2.2 Multivarate Normality Analysis
We do it by using sns and building pair plots to view correlation between predictors and we also get to see a univarate normality analysis using histograms. Let’s check it out:
X.drop(['X0','X1','X3','X7','X8','X11'],inplace=True,axis=1)
sns.pairplot(X)
Here you can see the distribution plots on the diagonals and correlations between each predictor. Let me know you inferences in the comments.
But to see correlation more closely we’ll create a matrix with the response variable,
X['target']=y
X.corr()
Now this more clear, eh? We will take consider strong correlation between two variables if it correlation coeff is greater than 0.7. Clearly from the above matrix we have a strong correlation between:
X2 and X4
X2 and X9
X4 and X6
Also in all the variables X5 is best positively correlated with our target variable. But we wish to eliminate the correlation between the predictors and hence we will drop column X4 and X9 of the above pairs from X. An important think to note is when you cannot decide which column to drop between to strongly correlated ones, drop the one with higher variance.
Now that we have done the normality tests, let’s check if the selected predictors have a linear relationship with our response variable or not and we will do it with Regression Analysis.
2.3 Regression Analysis
It is carried out by performing Simple Linear Regression; regressing our response variable on each of the predictor variable and observe the relationship.
x=X.drop(['target','X9','X4'],axis=1)
fig,ax=plt.subplots(nrows=3,ncols=2, figsize=(15,15))
index=[]
t=0
for i in range(3):
for j in range(2):
index.append((i,j))
print(index)
for i in x:
x_train,x_test,y_train,y_test=train_test_split(x[[i]],y,train_size=0.7)
lr=LinearRegression()
model=lr.fit(x_train,y_train)
y_train_pred=model.predict(x_train)
# print(f'Train R2 Score{i}',r2_score(y_train,y_train_pred))
y_test_pred = model.predict(x_test)
# print(f'Test Error for {i}',mean_squared_error(y_test,y_test_pred))
# print(f'Train R2 Score for {i}',r2_score(y_test,y_test_pred))residuals=abs(y_test-y_test_pred)
if(t<8):
ax[index[t][0],index[t][1]].scatter(x[i],y,label='Original')
ax[index[t][0],index[t][1]].plot(x_test,y_test_pred,label='Prediction')
ax[index[t][0],index[t][1]].set_xlabel(f'{i}',fontsize=20)
ax[index[t][0],index[t][1]].set_ylabel('target',fontsize=20)
t+=1
plt.tight_layout()
In the code cell, I have also provided code to compute r2 and mse for each regression, if you would like to try it.
We can see the linear relationship above between the predictors and the response hence our this assumption is also true for the data.
2.4 Model Developement
So now that we our all ready, let’s do it.

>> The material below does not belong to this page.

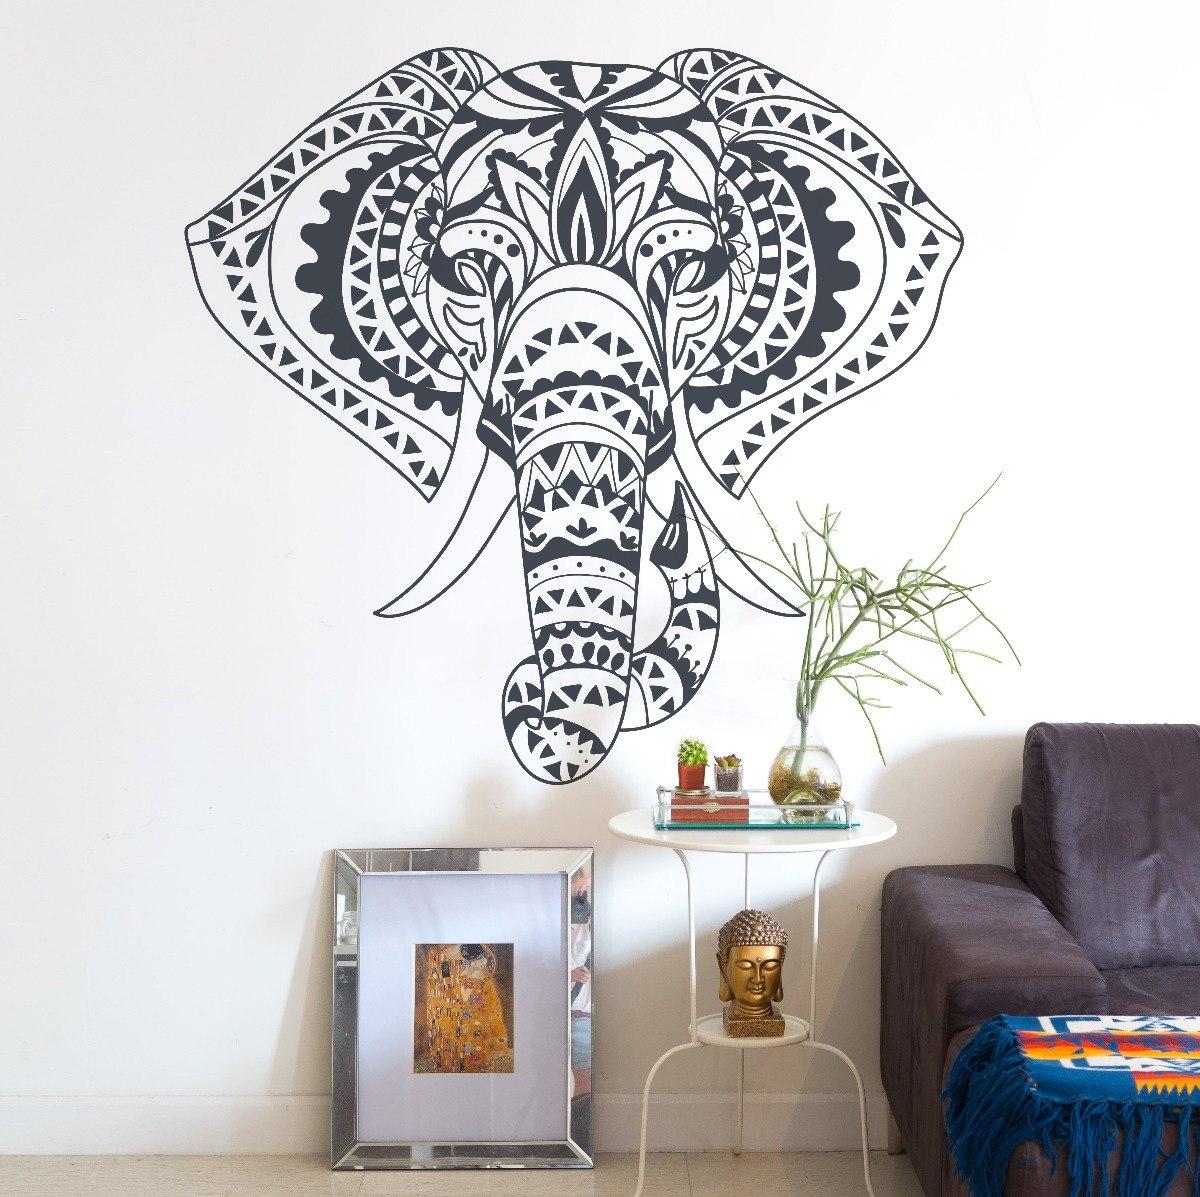 Vinilo decorativo elefantes mandala pared varios dise os for Vinilos pared mandalas
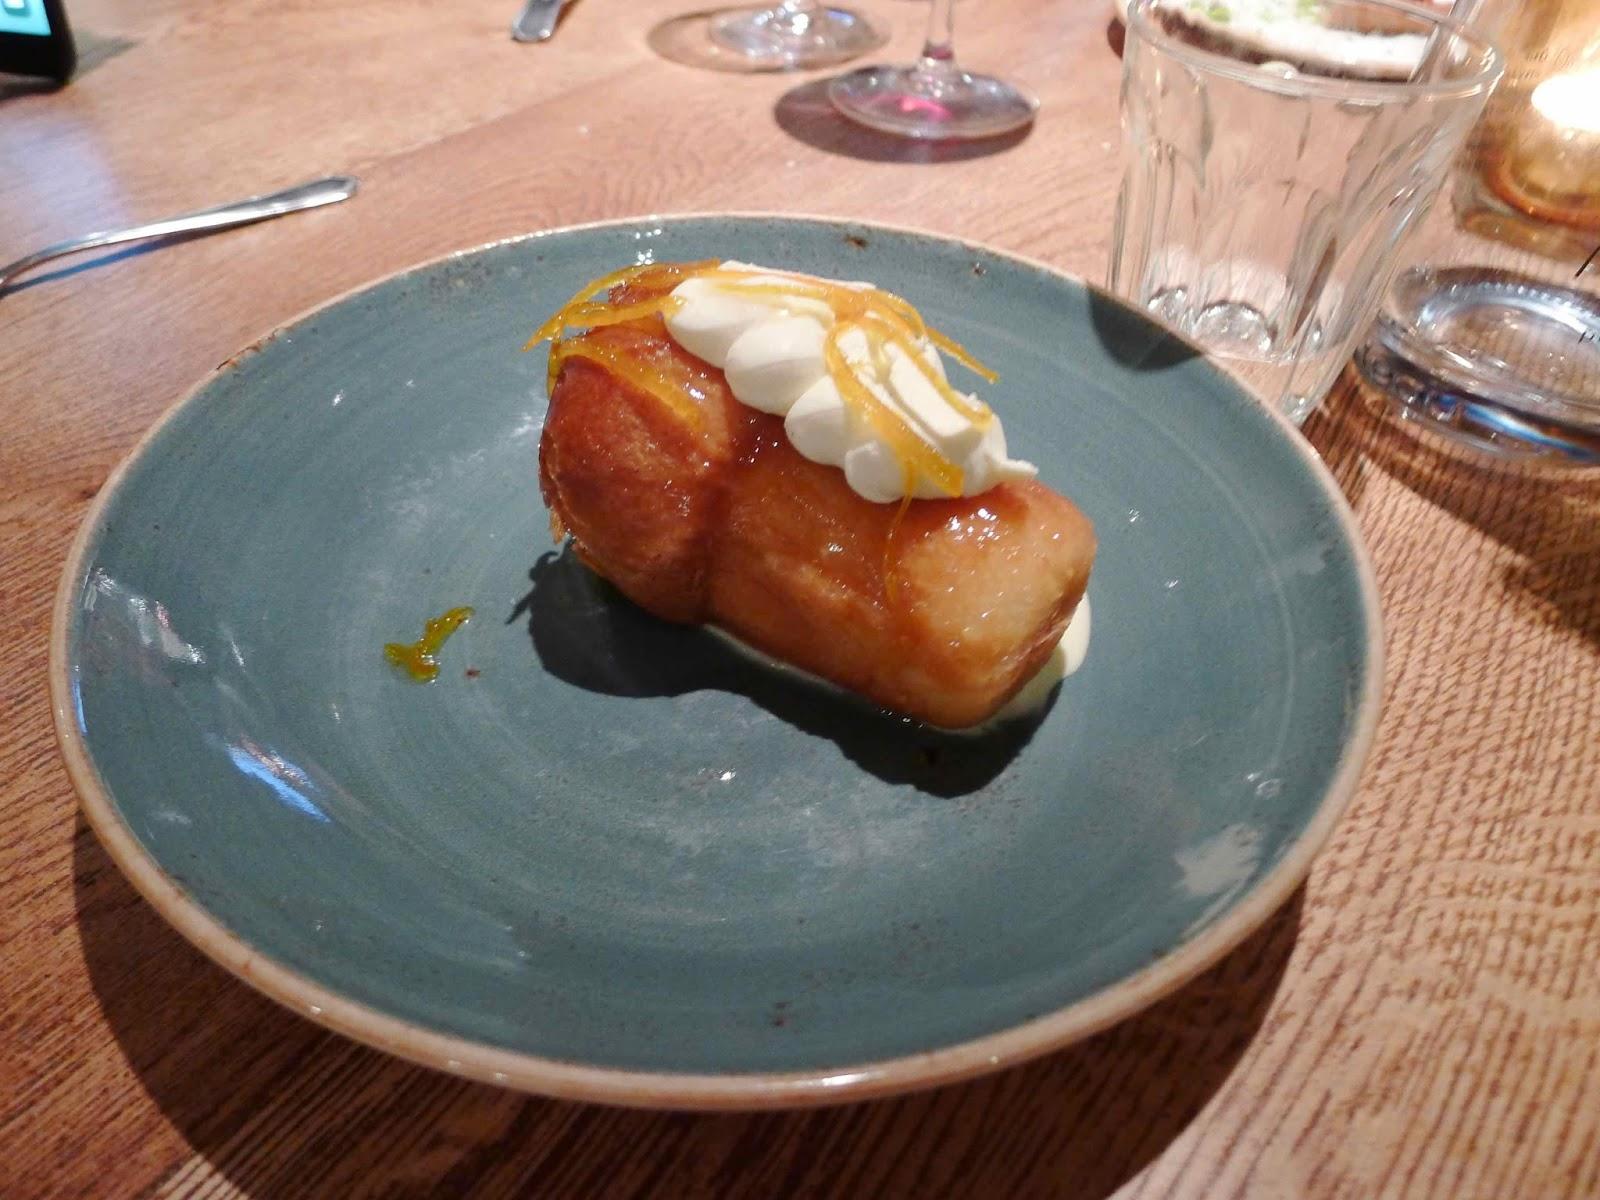 Gourmet Gorro - Cardiff food blog featuring restaurant

If we you followed my last two articles, you’d know that it’s time to split that data:
x_train,x_test,y_train,y_test=train_test_split(x,y,train_size=0.7)
Awesome, Let’s build our model now:
lr=LinearRegression()
model=lr.fit(x_train,y_train)
y_train_pred=model.predict(x_train)
print('Train Error',mean_squared_error(y_train,y_train_pred))
print('Train R2 Score',r2_score(y_train,y_train_pred))
y_test_pred = model.predict(x_test)
print('Test Error',mean_squared_error(y_test,y_test_pred))
print('Train R2 Score',r2_score(y_test,y_test_pred))
residuals=abs(y_test-y_test_pred)
sns.displot(residuals,bins=20)
We good an appreciable R² score for this model, eh? and our residuals are also screwed rightly but acceptable. Try not using X2 in your model, and the model will be a better one.
I am a beginner in Machine Learning and if there are any mistakes or feedback you want to add please feel free to add.